3) Modal music of traditional Greek/ Turkish etc which describes each of the
modes as a landscape that is explored musically. I spent a month in Crete
learning about it.

Together, I'm sure these ideas could generate something pretty fantastic as
well as visually stimulating... and the crux of it is in this little project.

Nice work!

------
Synaesthesia
There’s a new instrument in Reason called “Beatmap” which also shows an
imaginary landscape while generating beats for you.

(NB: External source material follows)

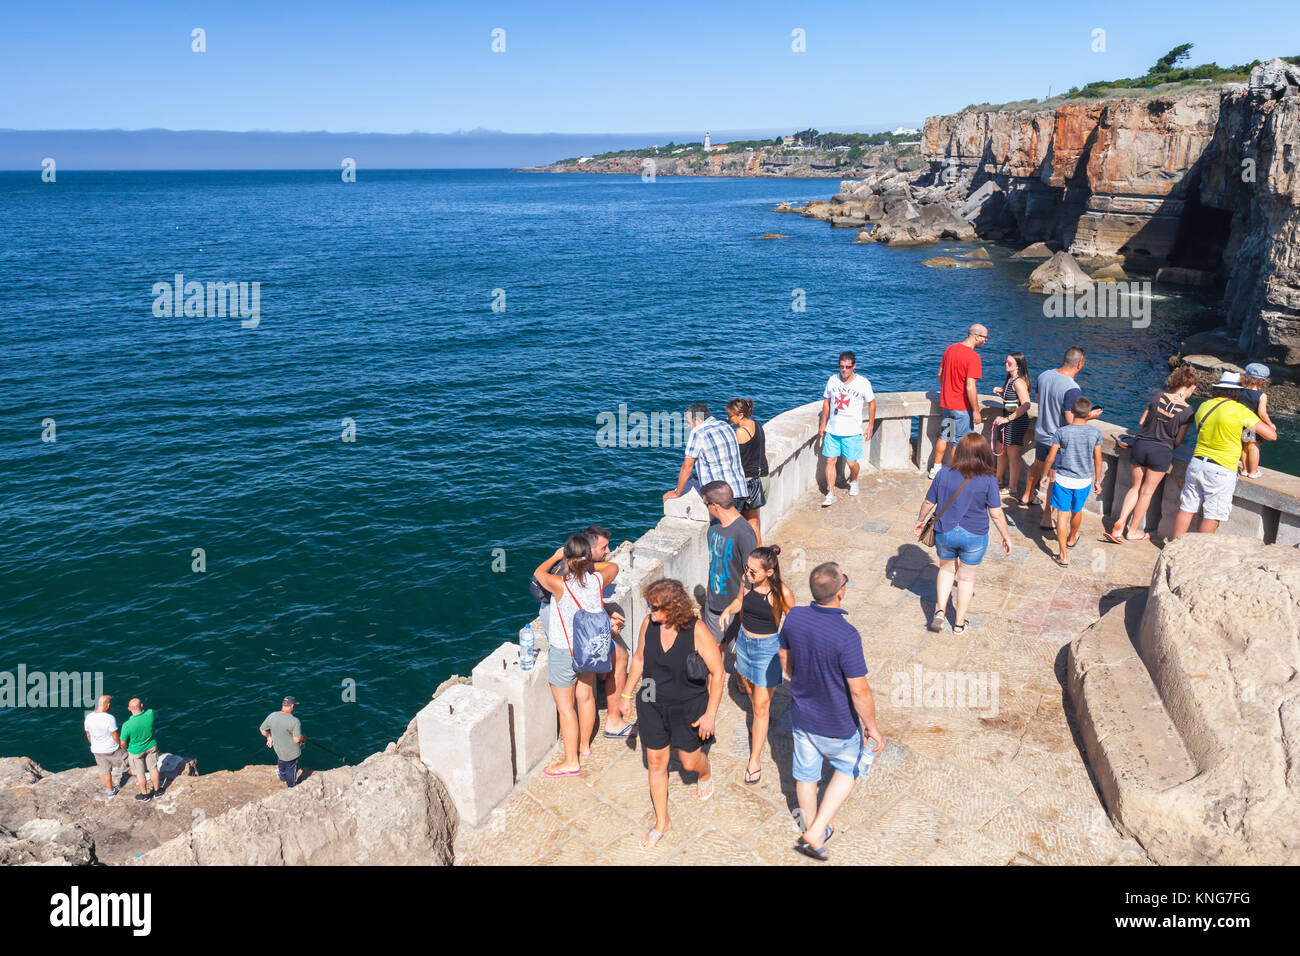 Cascais, Portugal - 14 août 2017 : les touristes observer Boca do Inferno. Les falaises de bord de mer avec le gouffre de la bouche de l'enfer Banque D'Images

[https://www.youtube.com/watch?v=9V9GCxbILaw](https://www.youtube.com/watch?v=9V9GCxbILaw)

------
LeonB
There’s a music making app called “isle of tune” which _looks_ like a Sim City
style builder game where you are placing roads, cars, houses and buildings.
But in fact you are sequencing music. The idea is quite delightful.

------
cyberferret
Nice work! That first graphic on your page instantly brought back memories of
playing 'Battlezone' in the arcades as a kid - one of my favourite games! :)

------
Thorentis
Side note: Can we just appreciate / shake our heads at the "Archives" menu in
the footer? I don't know if it's more efficient, or an anti-pattern of footer
design.

------
jdkee
That Gondry video for Star Guitar is fantastic.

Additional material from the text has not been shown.